Celebrating 10 Years of the Fellows Program: Dayna Burtness

Dayna BurtnessDayna Burtness
Fellow from August 2009 to February 2011, based in Minneapolis

Bon Appétit campus attended: St. Olaf College

Current job: I’m a full time farmer and incubator farm program manager on our regenerative livestock farm, Nettle Valley Farm, in waaay southeastern Minnesota near the tiny town of Spring Grove, MN. My main focus is raising the happiest dang pastured pigs you’ll ever meet, but Nettle Valley Farm is also home to egg laying and meat chickens, ducks, goats, and sheep.

Skill/wisdom you gained from the Fellowship: The opportunity to practice storytelling (aka public speaking).

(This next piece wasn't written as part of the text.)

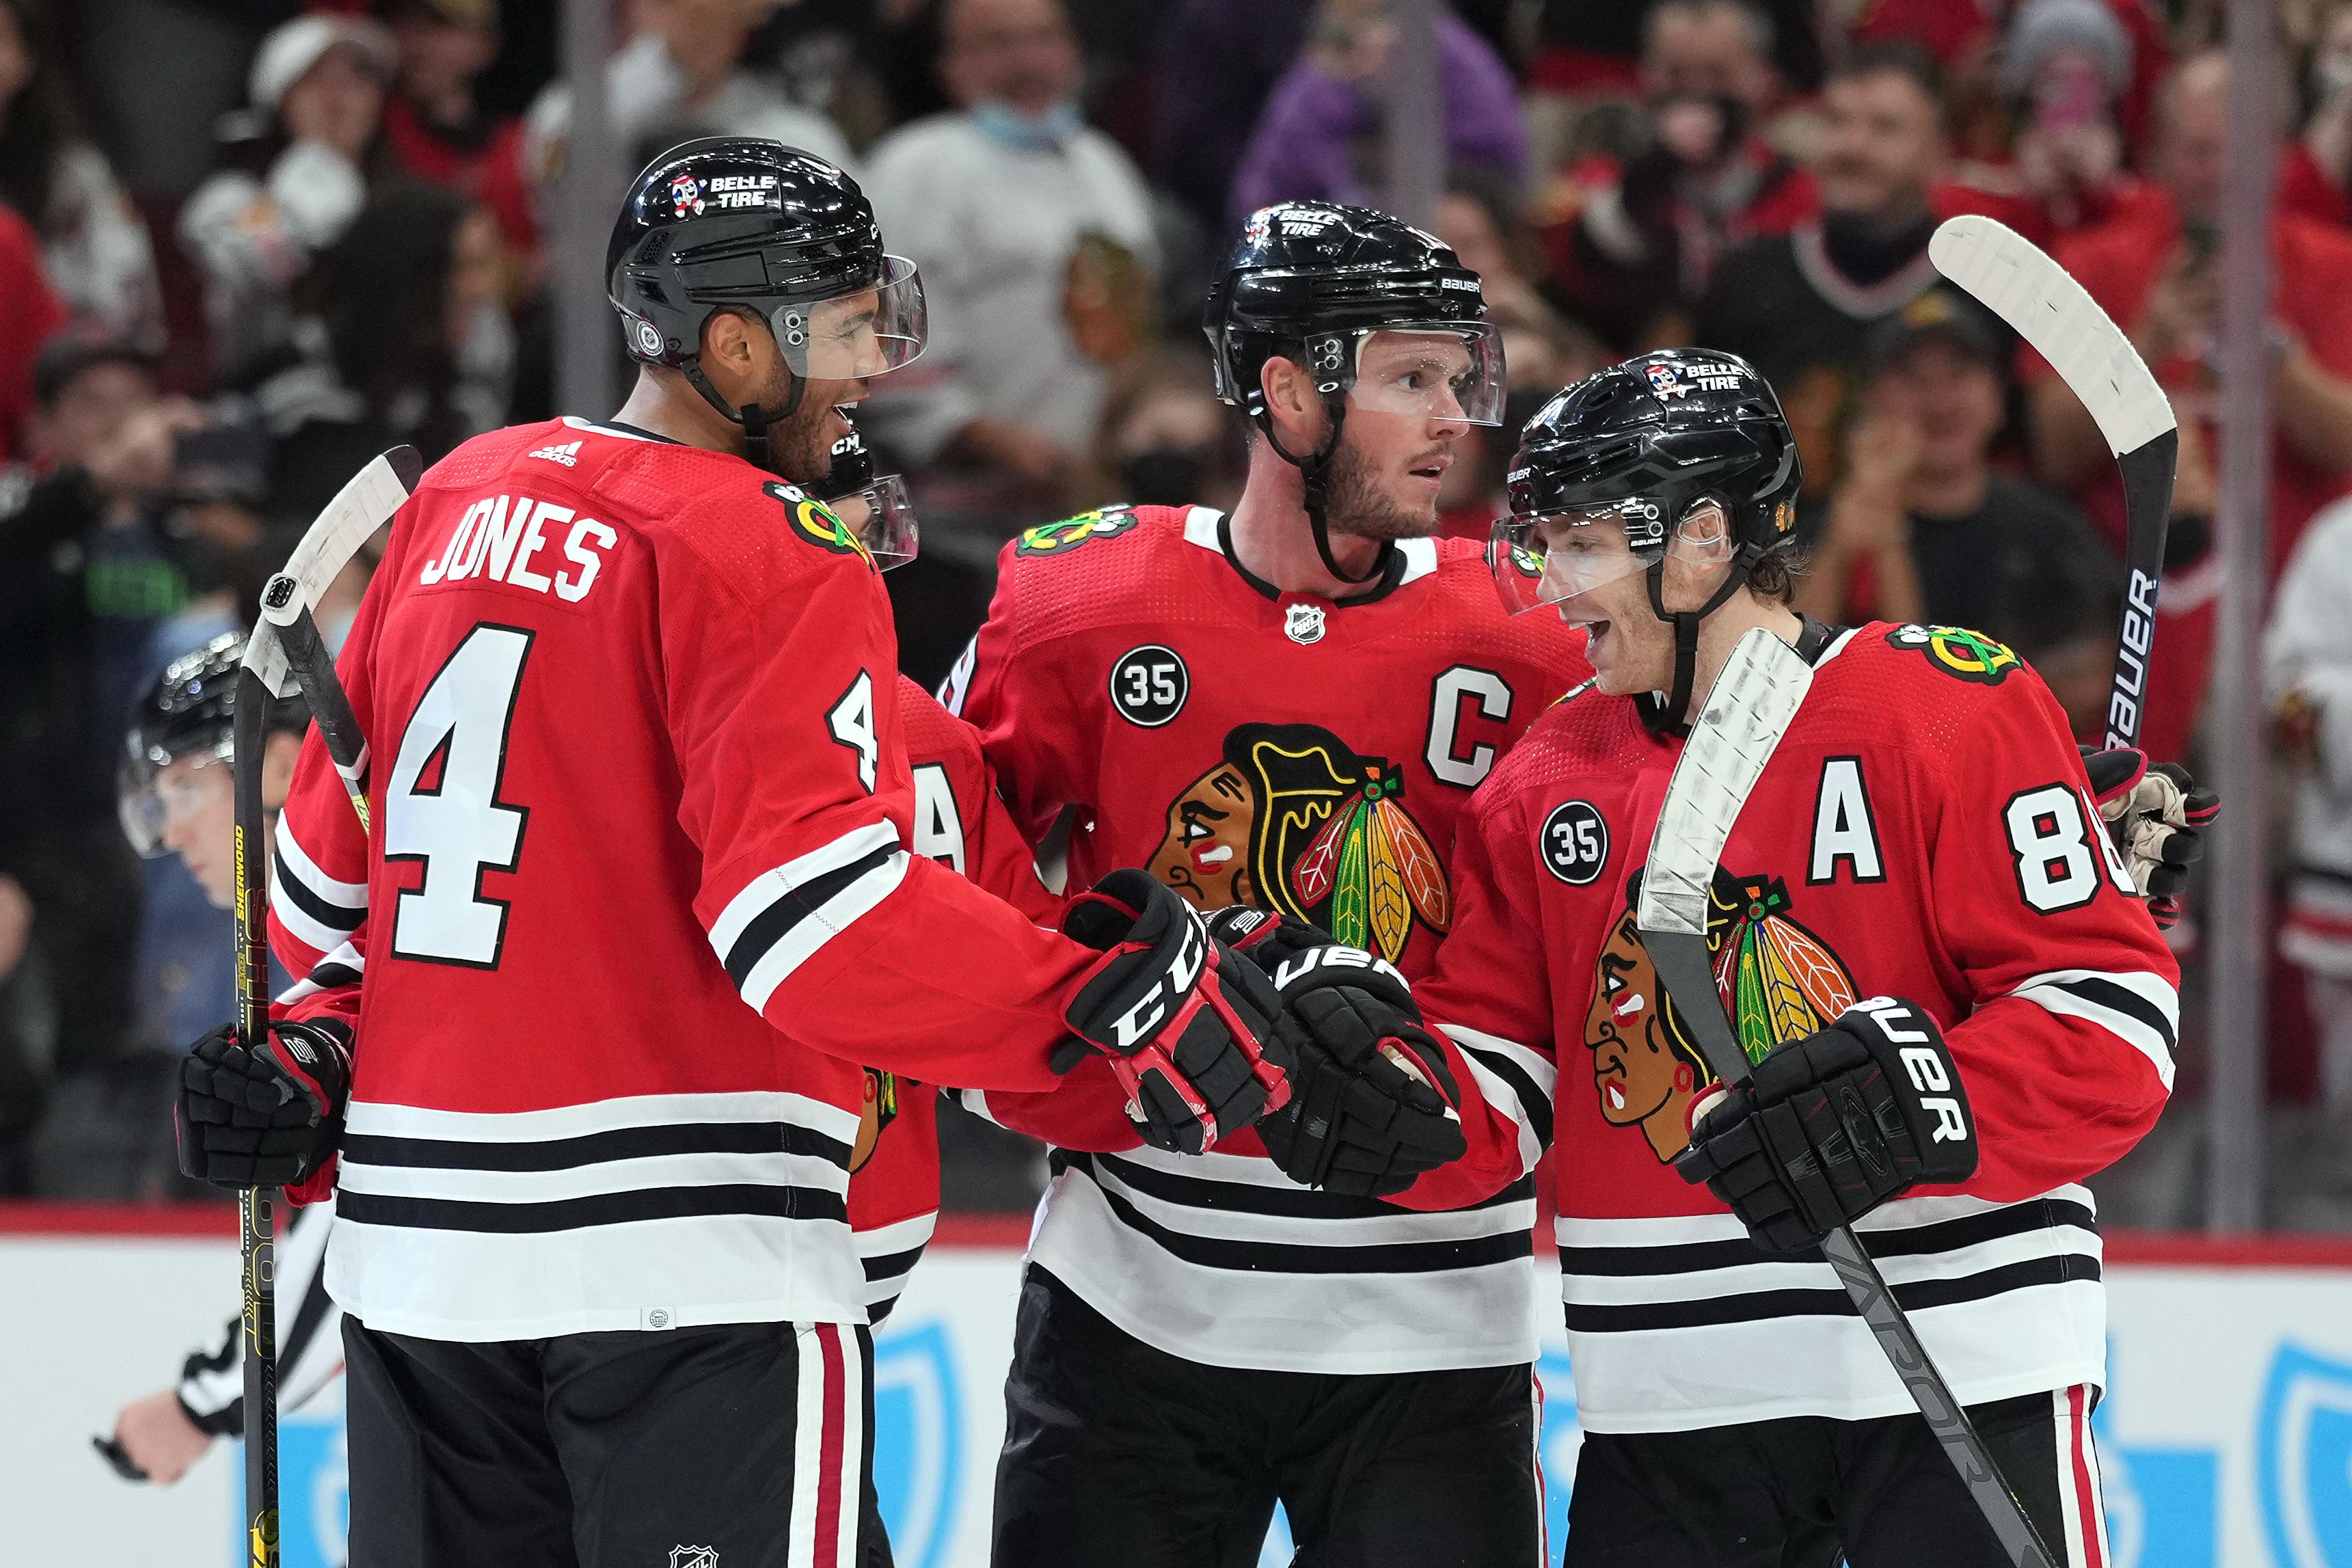 NHL: OCT 09 Preseason - Wild at Blackhawks
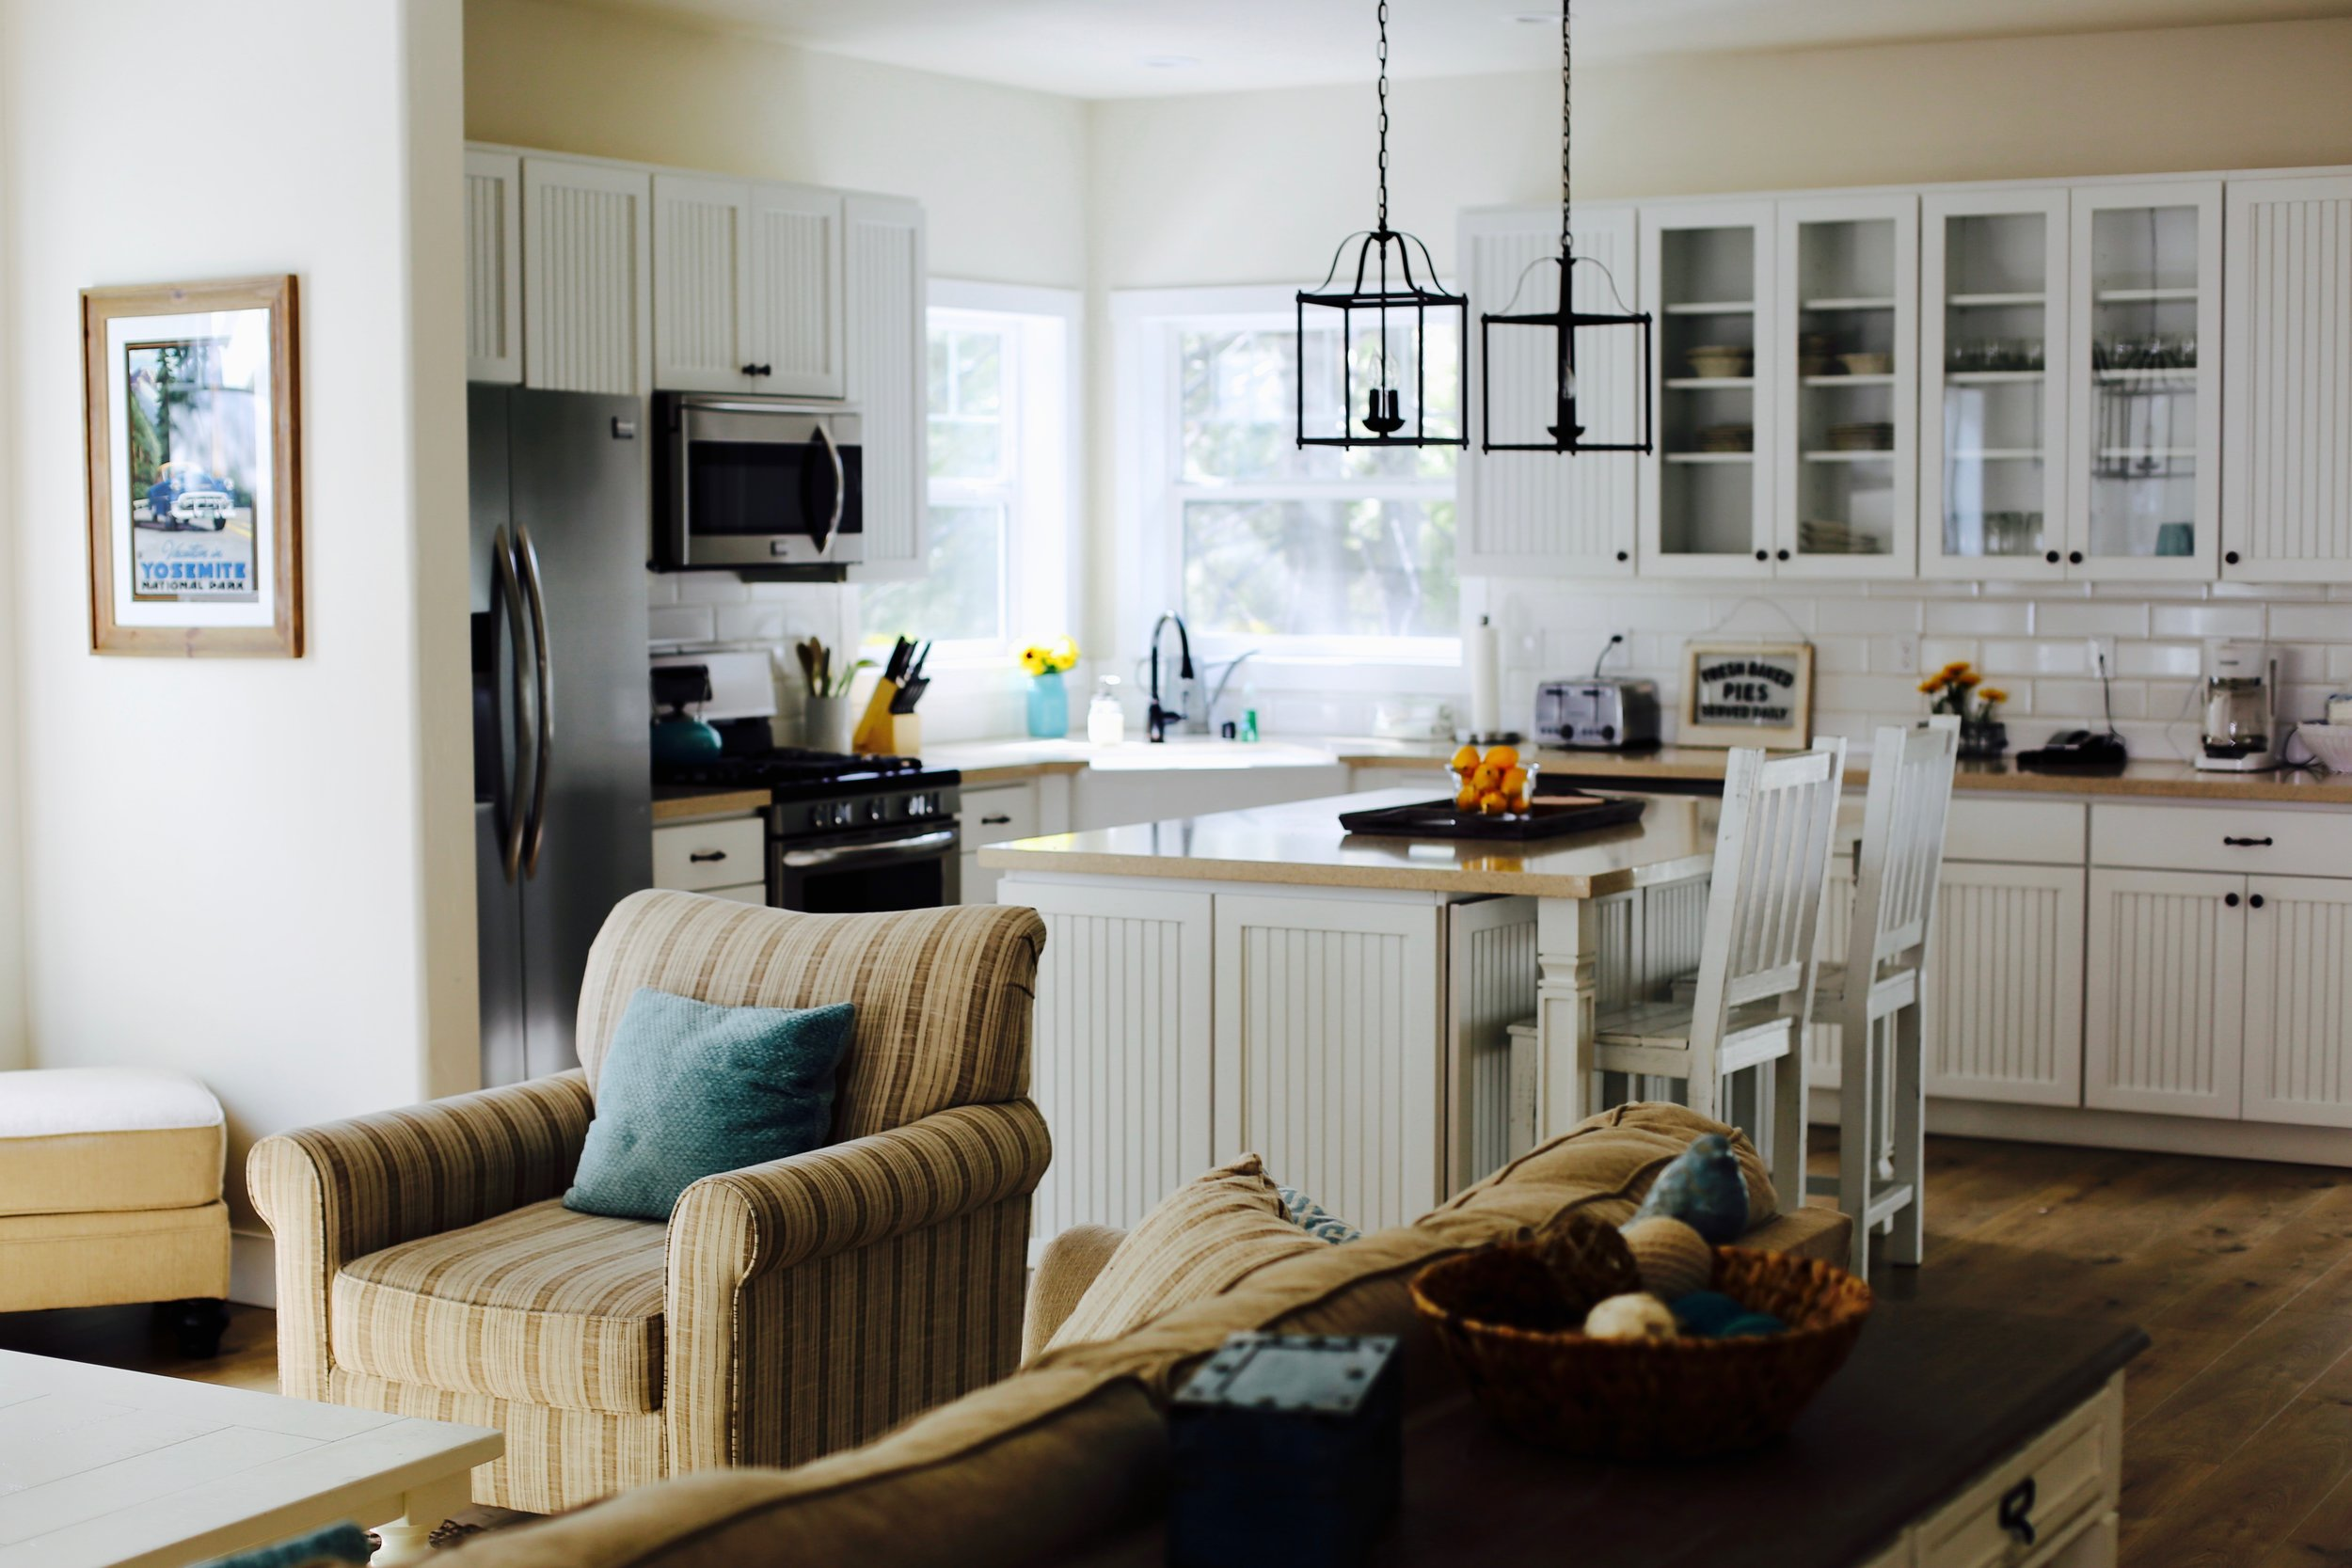 yosemite-airbnb.jpg

Sharing the behind-the-scenes stories of the Coalition of Immokalee Workers Fair Food Agreement, or the origins of Bon Appétit’s switch to cage free eggs, helped students and café guests understand the real power of institutional change more than any whitepaper ever could. I loved being a part of that connection-building.

Two women in a slaughterhous

Then-General Manager at Colorado College Beth Gentry and me at Ranch Food Direct’s meat processing facility

Memorable experience as a Fellow: Meeting Farm to Fork partner Mike Callicrate of Ranch Foods Direct back in fall 2010 was incredible. He is one of the fiercest farmer-warriors out there when it comes to fighting agribiz bullies in the meat industry, and I tried to channel some of his energy when my neighbors and I had to fight off an incredibly risky 5,000 sow factory farm. (We won!)

Advice for current food-activist students: Spend at least a month (ideally a season!) working full time on a farm. It will shape you in ways you can’t imagine and give you a fuller picture of the struggles America’s family farmers face.